Anthony Barile stands outside his beloved Lower East Side restaurant, Three of Cups

In 1998, Barile played the brutally violent Sally Hipps in DiMurro’s fabulously titled Moe Green Gets It in the Eye at La Tea Theater at the Clemente Soto Velez Arts Center on the Lower East Side.

“I connect to Tony’s writing,” Barile says. “He’s very New York, writing about the Italian American experience. I’m very familiar with that because a lot of the characters he writes about I know very well, whether they be family members, acquaintances, friends, people I’ve worked with. I like his language, and he’s a super guy as well.”

In 1-2-3 Manhunt, which is directed by William Roudebush with set design by Julie DiMurro, Tony’s wife, Barile plays another tough guy, Frankie. They were supposed to begin rehearsals in March 2020, but the pandemic canceled that. Since then, DiMurro has made small changes to incorporate the coronavirus crisis and other current events. They chose not to rehearse or do any readings over Zoom, getting together instead for the first time about a month ago.

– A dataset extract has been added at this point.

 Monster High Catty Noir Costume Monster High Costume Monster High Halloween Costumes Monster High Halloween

“My favorite thing about my character is his enjoyment of a good laugh,” Barile explains. “He loves a good laugh, and he’s a ballbreaker. Listen, the writer knows me. Tony put things in the piece that are straight references right out of Three of Cups, because he used to visit me there all the time.”

Barile is also thrilled to be working with Fazio again.

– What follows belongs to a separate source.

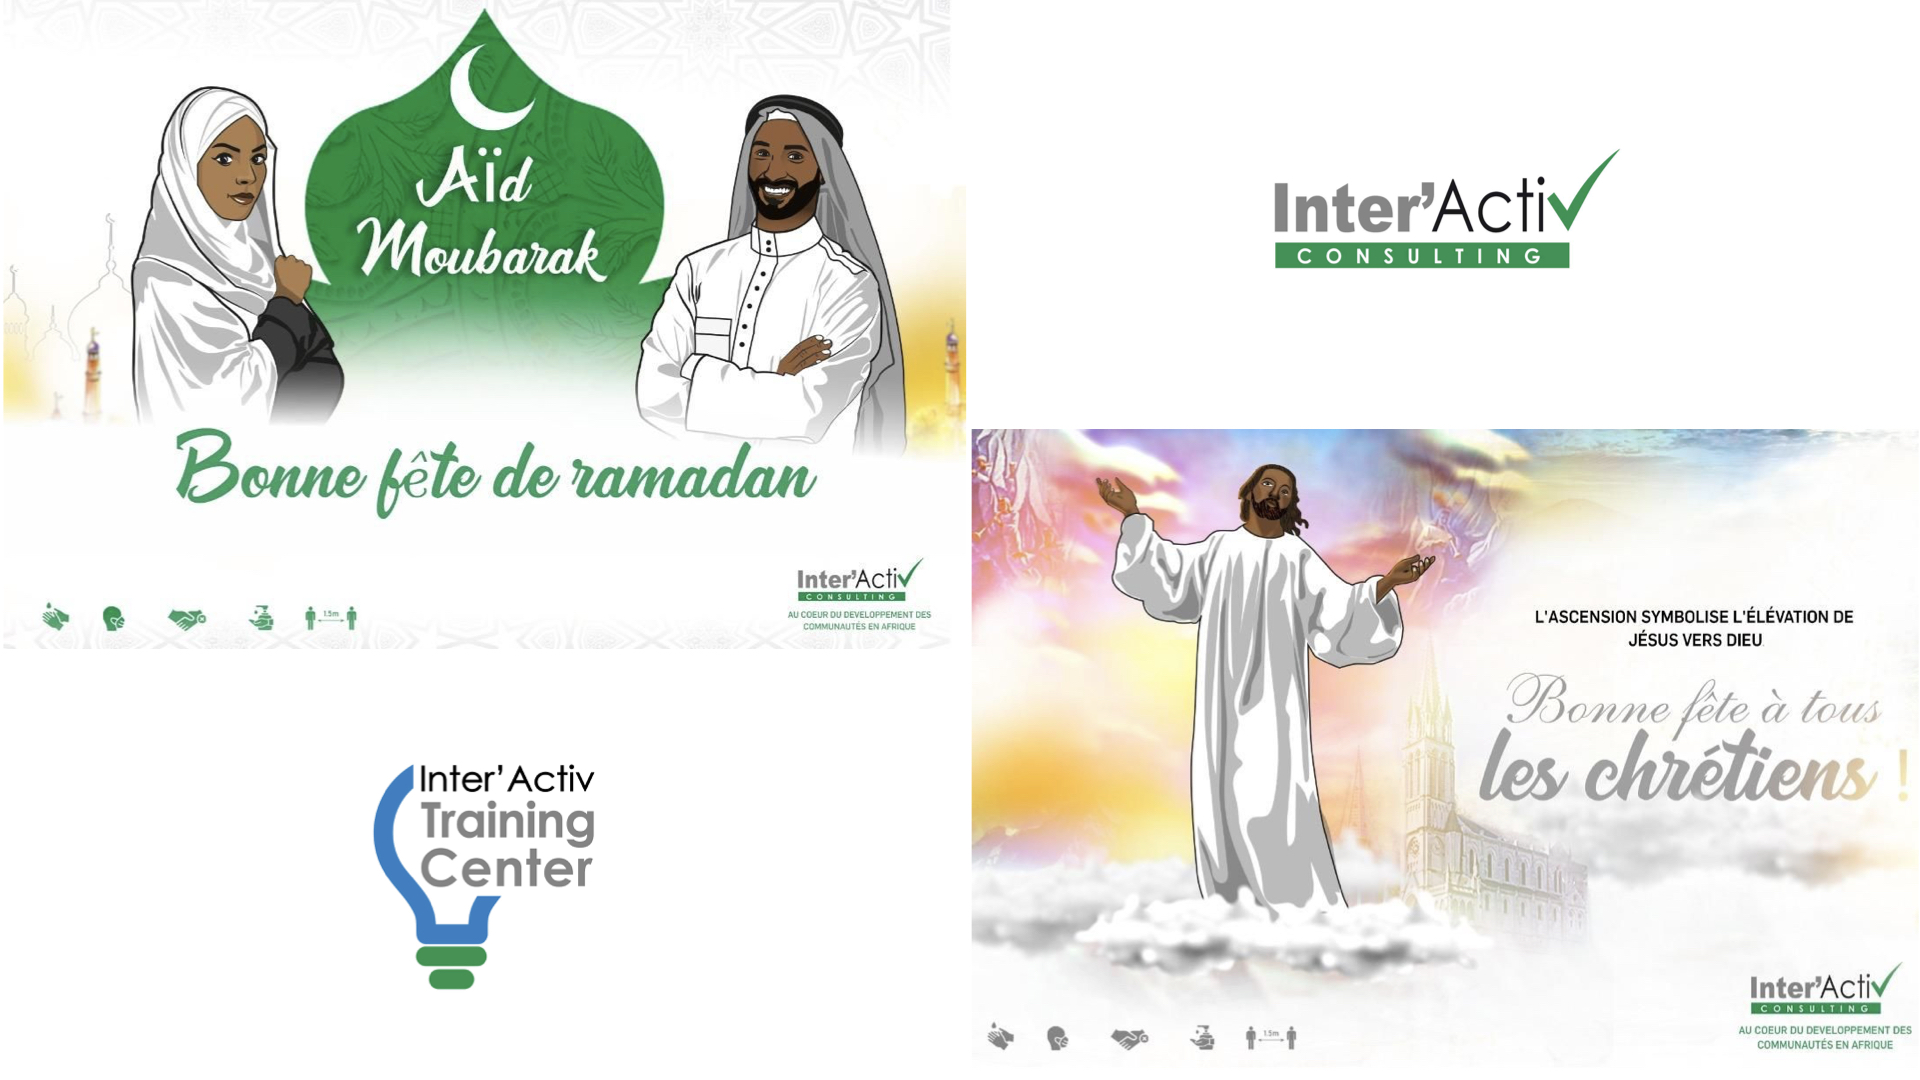 Bonnes fêtes du ramadan et de l'Ascension à tous les musulmans et chrétiens du monde

“It’s like, wow. He’s my best friend in the show,” he tells me. “I’ve known Santo since 1985. It’s fun telling him stories onstage in character, because he’s my best audience. He can recognize when I’m in truth.”

A huge Mets fan — he was at Shea Stadium and Citi Field for the deciding World Series games in 1986, 2000, and 2015 — he is not thrilled with where the club is after a disastrous year.

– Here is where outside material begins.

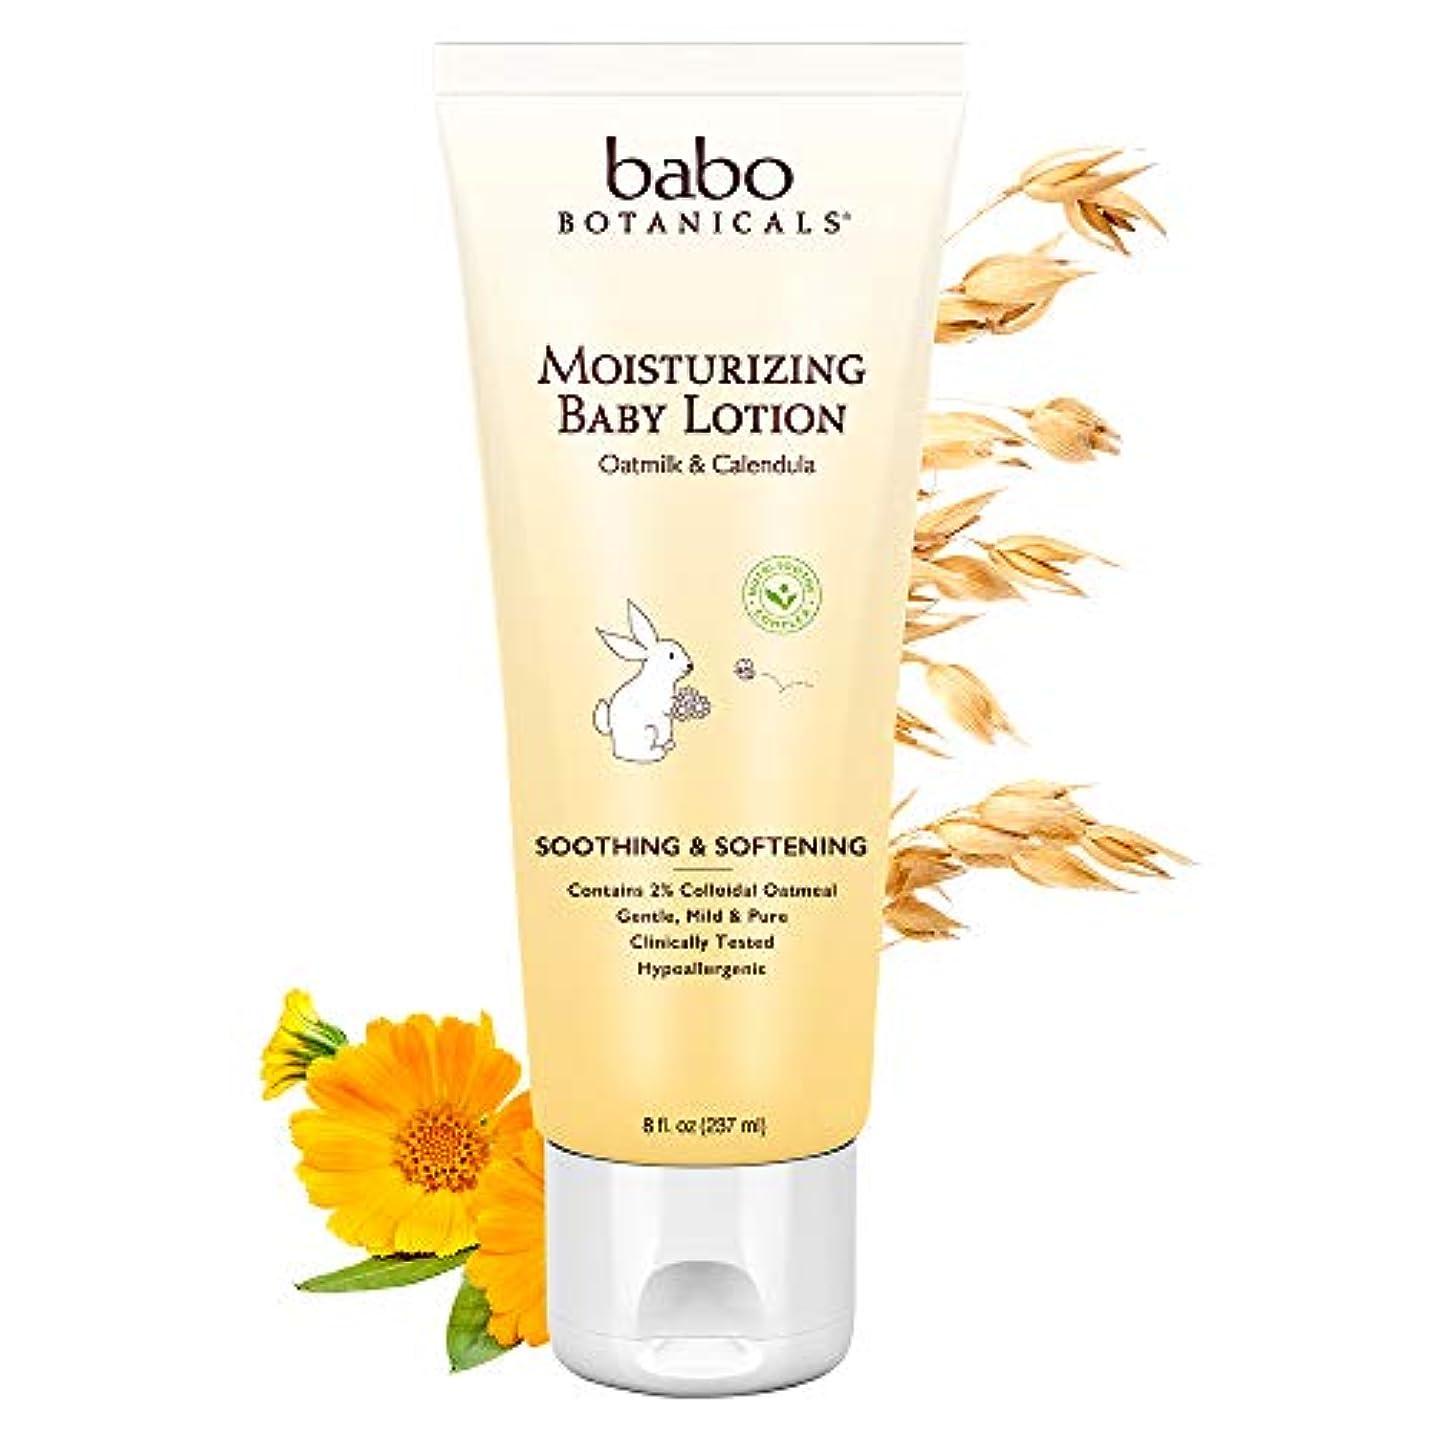 強化続けるアルコールBabo Botanicals Oatmilkカレンデュラ保湿ベビーローション、 - スージング敏感肌のためのベストのベビーローション。アトピー性皮膚炎を和らげるのに役立ちます。ナチュラルオーツとオーガニックカレンデュラ...

“It will be a blow-up off-season, from top to bottom, starting with the front office,” he says. “They suck. It’s a curse. I was miserable. I can’t even believe my investment emotionally.”

I ask him what it’s like wearing a Yankees hat in the show.

“Frankie is definitely a baseball fan, and I figured that him being from Staten Island, he’s a Yankees fan. It also was a way for me to know I was playing someone else, not myself, because I’m most comfortable and successful in characters that aren’t too far removed from who I am.
In my approach to a character I like to have at least one part of my costume/wardrobe anchor me to him. In this case it’s the Yankees hat, for sure. As the great Lee Marvin once said, ‘Show up on time, know your lines, and let the clothes do the acting.’”

Barile and his wife also starred together as a couple preparing to go out for the first time since the pandemic took hold in Kevin Alexander Leonidas’s short film You Can’t Fix Stupid, and Barile, aka Mummy, appeared in David Shapiro’s seven-part documentary series Untitled Pizza Movie, about famed pie man Andrew Bellucci.

“I enjoy a good story,” Barile says. “You just want to be natural about it. Just tell the story.”